Живые стихов не пишут[1].
С первых шагов освоения творчества Леонида Аронзона о нем утвердилось мнение как о поэте рая[2]. Может показаться, что рай – одна из расхожих метафор для описания различных состояний блаженства, от религиозных до наркотических[3], и буквальная попытка изображения рая может привести в лучшем случае к следованию долгой литературной и художественной традиции, а в худшей – к банальности. Однако рай Аронзона – это прежде всего пространство невозможного, и экзистенциальная важность изображения того, что в приведенном в эпиграфе отрывке названо раем, высший поэтический вызов в следовании этой задаче приводят Аронзона к осмыслению рая как «пространства души», с которым коррелируют базовые концепты его творчества: пустота, ничто и смерть. Ведь рай может быть увиден только тем, кто умер и чье зрение лишилось привязанности к физическому миру, однако сообщить об этом видении может лишь живой человек.

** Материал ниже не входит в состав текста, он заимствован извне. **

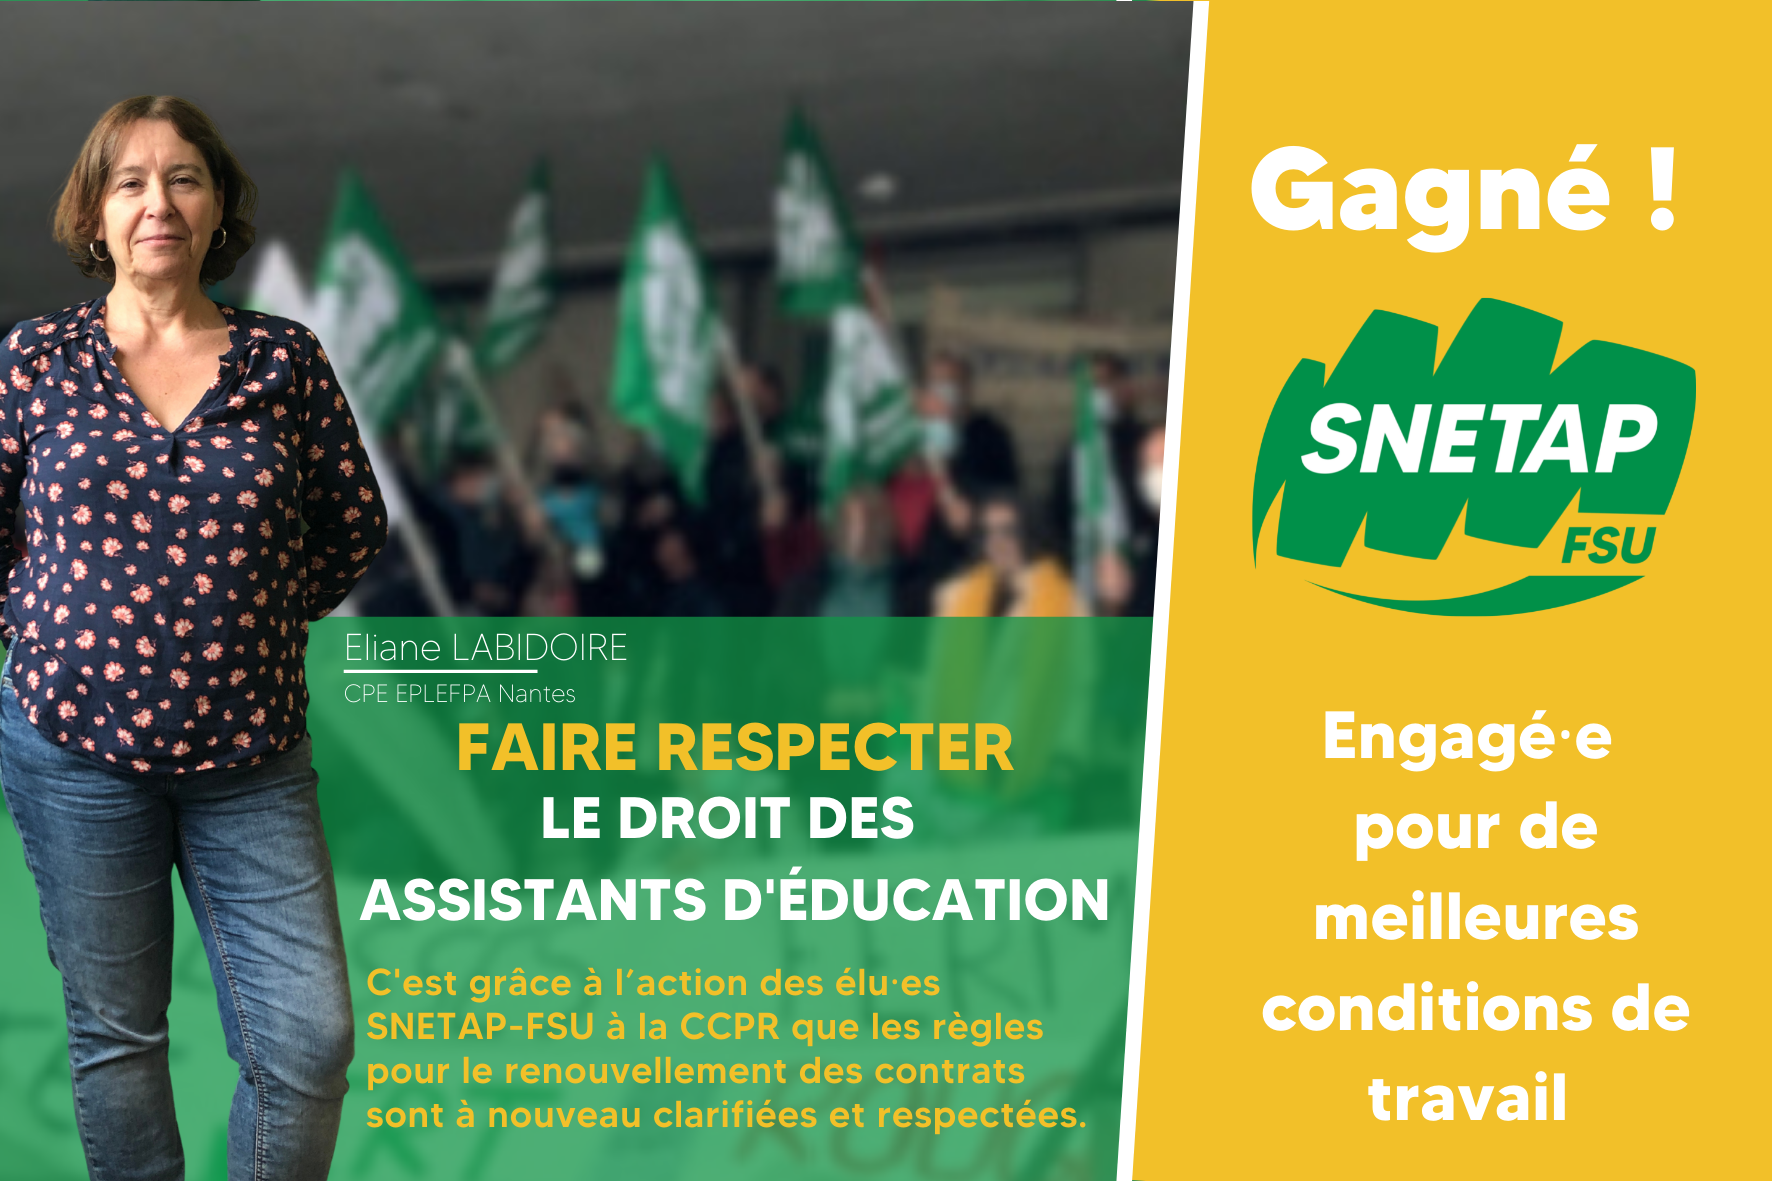 You are currently viewing Gagné ! Faire respecter le droit des assistants d’éducation !

В поэтическом мире Аронзона это обуславливает специфику отношений между автором, лирическим героем и тем, что открывается его/их взгляду. Автор и лирический герой поэзии Аронзона – двойники в почти буквальном смысле слова, и мотивы двойничества и отражения играют в его творчестве важнейшую роль. С одной стороны, этот опыт можно сближать с мистическим просветлением, подобным откровениям Мейстера Экхарта, Якоба Бёме, Иоанна Креста, восточных мистиков. Внутренний мир в таком поэтическом видении безоговорочно преобладает над миром внешним. С другой стороны, Аронзон в первую очередь – поэт, ставящий перед собой сложнейшие художественные задачи, связанные с особыми отношениями лирического героя и того мира, в который тот оказывается помещен волей автора или даже в силу высшей поэтической необходимости. Задача автора – изобразить этот пограничный опыт; задача читателя – быть готовым войти в этот мир; задача исследователя – попробовать понять, по каким законам этот мир начинает существовать в поэтическом произведении. Этой задаче – изображению того, как Аронзон изображает свой рай, – и посвящена данная книга.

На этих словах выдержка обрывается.